Now, it's time to put the data into Jupyter Notebook for cleaning before it is used in training a model. Here was my process:
-
Check dtypes of features to see which needed to be encoded
-
Check for null values (none present)
-
Look at histograms of continous features to look for any obvious outliers (noticed a few in the bmi and charges variables)
-
Use z-scores to identify outliers (those with a z-score greater than 3) and drop outliers from dataset
-
Look at histograms again to see the improvement
-
Make transformations on categorical features to create encoded versions
-
Save CSVs of cleaned dataframes Here are the histograms before and after the removal of outliers for BMI and charges:
- BMI:
- Charges:
Finally, it's time to begin model creation. I used PyCaret's RegressionExperiment object for this. I separated the dataset's column into those to be ignored, those that are numerical, and those that are categorical. The original categorical columns (the non-encoded ones) were ignored, age and bmi were set to numerical, and the encoded features along with the children column were set to categorical variables. I scaled the numerical features with Sklearn's StandardScaler and save the scaler as a pkl file. I created a RegressionExperiment object and set it up to have an 80/20 train/test split, allowed fold shuffling, and set a fold size of 5. When comparing models, Gradient Boosting Regressor appeared to fit to the data the best with an R-Squared score of 0.85 and had the best RMSE score.
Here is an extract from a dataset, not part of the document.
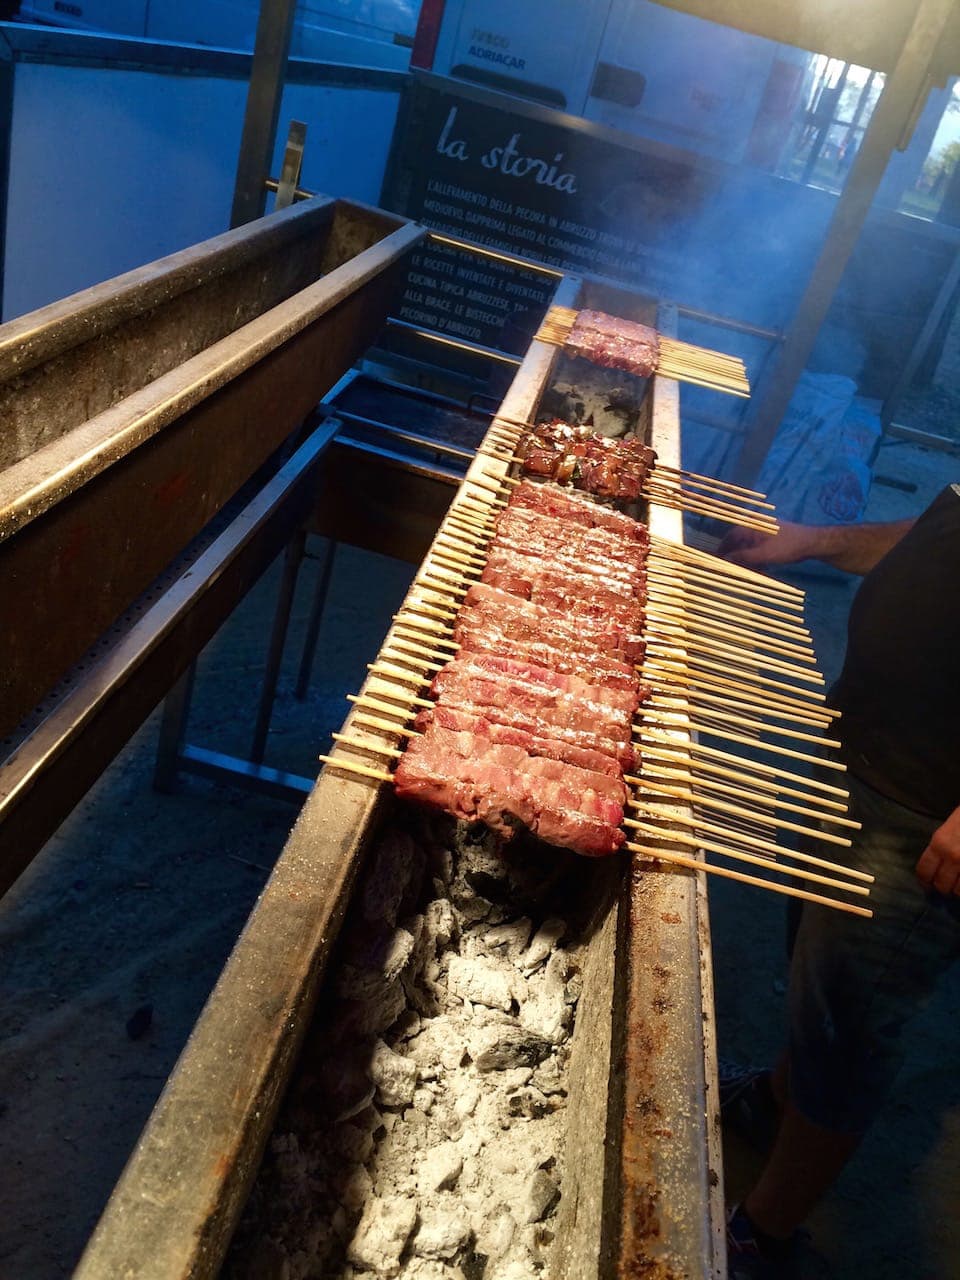 Arrosticini abruzzesi: tipici spiedini di carne di pecora arrostiti sulla griglia

Hence, I chose this model type for my dataset. I attempted to tune the model on the RMSE metric but the tuning didn't result in any improvements. I evaluated the model using PyCaret's visualizations:
As you can see, it appears the model is fitting very well to the data, but there appear to be some entries that are outside of the general pattern of the dataset. Also, it appears that the only features that held importance in determining insurance charges was whether someone was a smoker or not, their age, and their BMI. Smoker_encoded was specifically important as it had a feature important of 0.7 while bmi and age were only around 0.17 and 0.12. The other features held little to no importance in determining the target. I then made the model make predictions on the holdout set to see whether it generalized enough and didn't overfit. The model achieved an RMSE of ~4800 on the holdout set and therefore generalizes quite well. Satisfied, I finalized the model by training it on the entire dataset and saved it. You can download and view those files yourself. Feel free to repeat my experiment or see how the model generalizes to unseen data of other datasets.
In conclusion, I was able to create a Gradient Boosting Regressor model that could predict medical insurance charges based on age, bmi, and whether you were a smoker or not. The model achieved 4800 RMSE on the holdout set and had a R-Squared score of around 0.81.